Meinung
Teilweise sonnig
Im Rahmen unserer verhaltenen Wirtschaftsentwicklung erlebt die Roboterbranche – deren Hersteller, Ausrüster, Softwareschmieden, Integratoren – eine Art Sonderkonjunktur. Die Branche läuft wie geschmiert.
Weit mehr als 2,6 Millionen Roboter sind seit Beginn des industriellen Einsatzes um 1970 verkauft worden – und mehr als die Hälfte werkelt noch vor sich hin. Bei der Dauerhaftigkeit dieser Systeme ist es dennoch bemerkenswert, dass der Verkauf weiter steigen wird. So wird für 2013 ein neuer Rekordabsatz gemeldet: plus zwölf Prozent verglichen zu 2012. Das bedeutet nicht ganz 180.000 Robotereinheiten.
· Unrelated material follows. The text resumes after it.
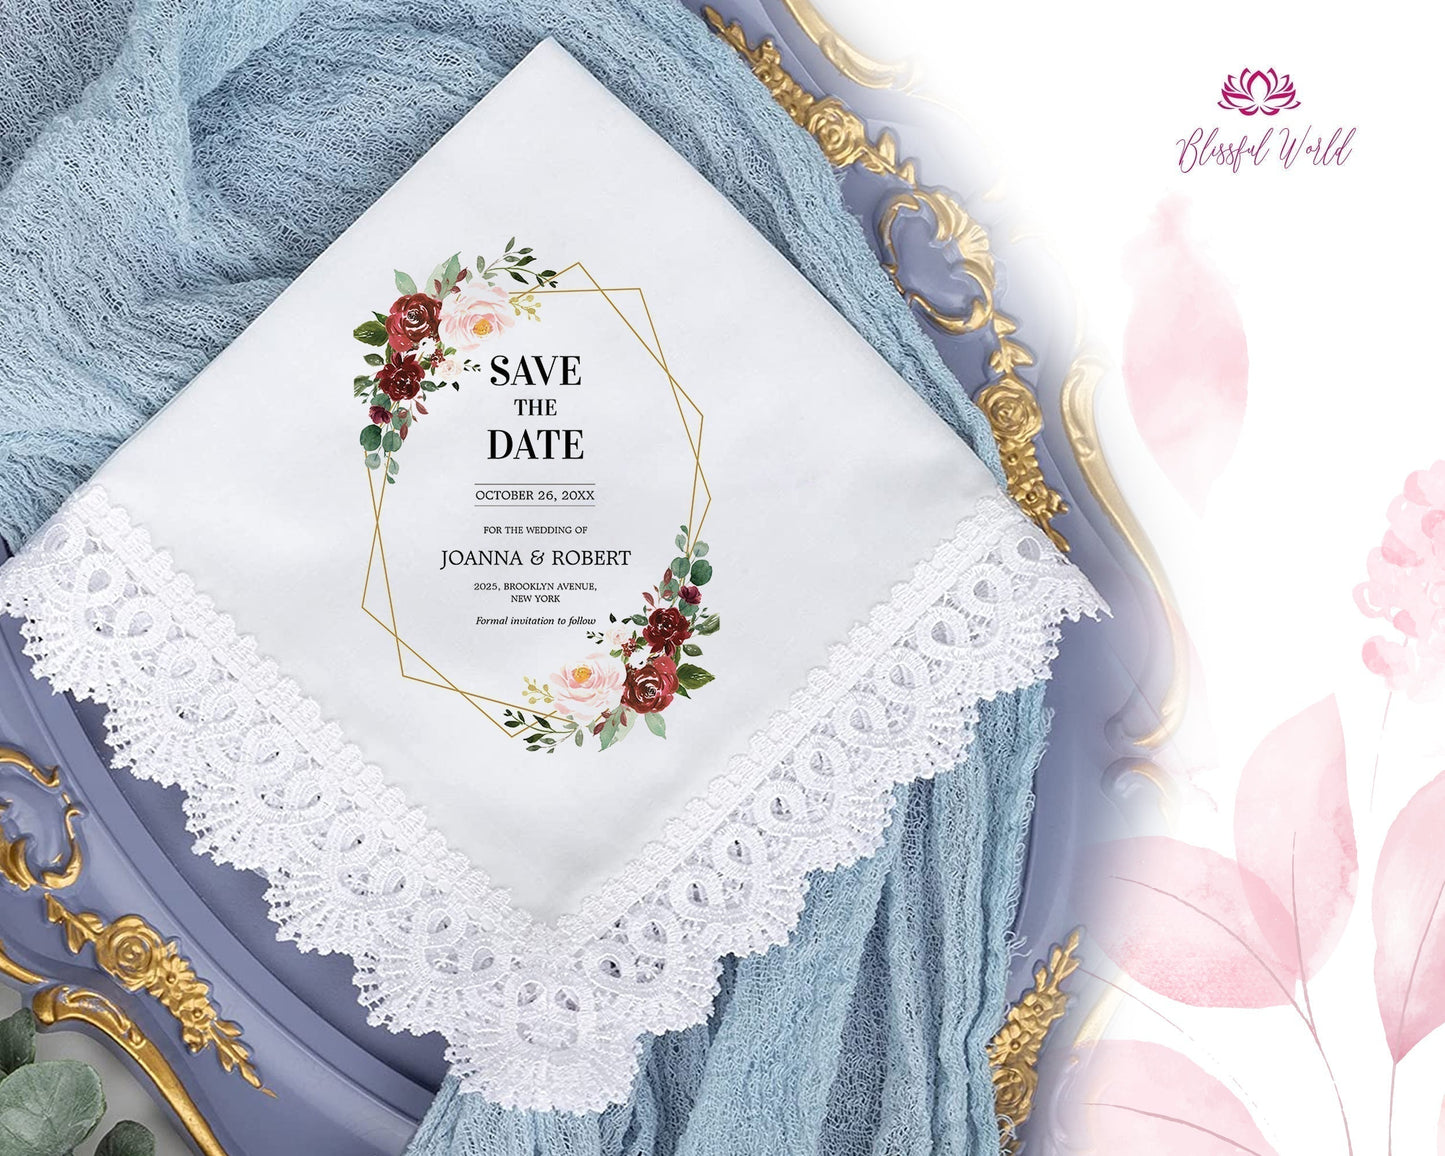 Wedding Handkerchief, Wedding hankerchief, wedding hanky, mother of the bride handkerchiefs, bride and groom names wedding hankie

Ein etwas tieferer Blick in die Zahlen offenbart, dass Asien die Werkbank der Welt bleibt. Die Asiaten standen für 55 Prozent der weltweiten Käufe und setzten sich mit einer Wachstumsrate von 17 Prozent doch recht einsam an die Spitze, berichtet der Branchenverband IFR. Verglichen dazu rangieren Amerika (plus acht Prozent) und Europa mit einem Zuwachs von fünf Prozent weit hinten. Bei den Vereinigten Staaten macht sich hier die offensichtliche Reindustrialisierung bemerkbar. Dass Europa ordentlich hinterherhinkt, liegt mehr oder weniger an den unbewältigten Finanzkrisen in den Industrieländern Frankreich, Italien und Spanien. Hier wird sich wohl mit dem angekündigten Wiedererstarken ein Nachholbedarf entwickeln können.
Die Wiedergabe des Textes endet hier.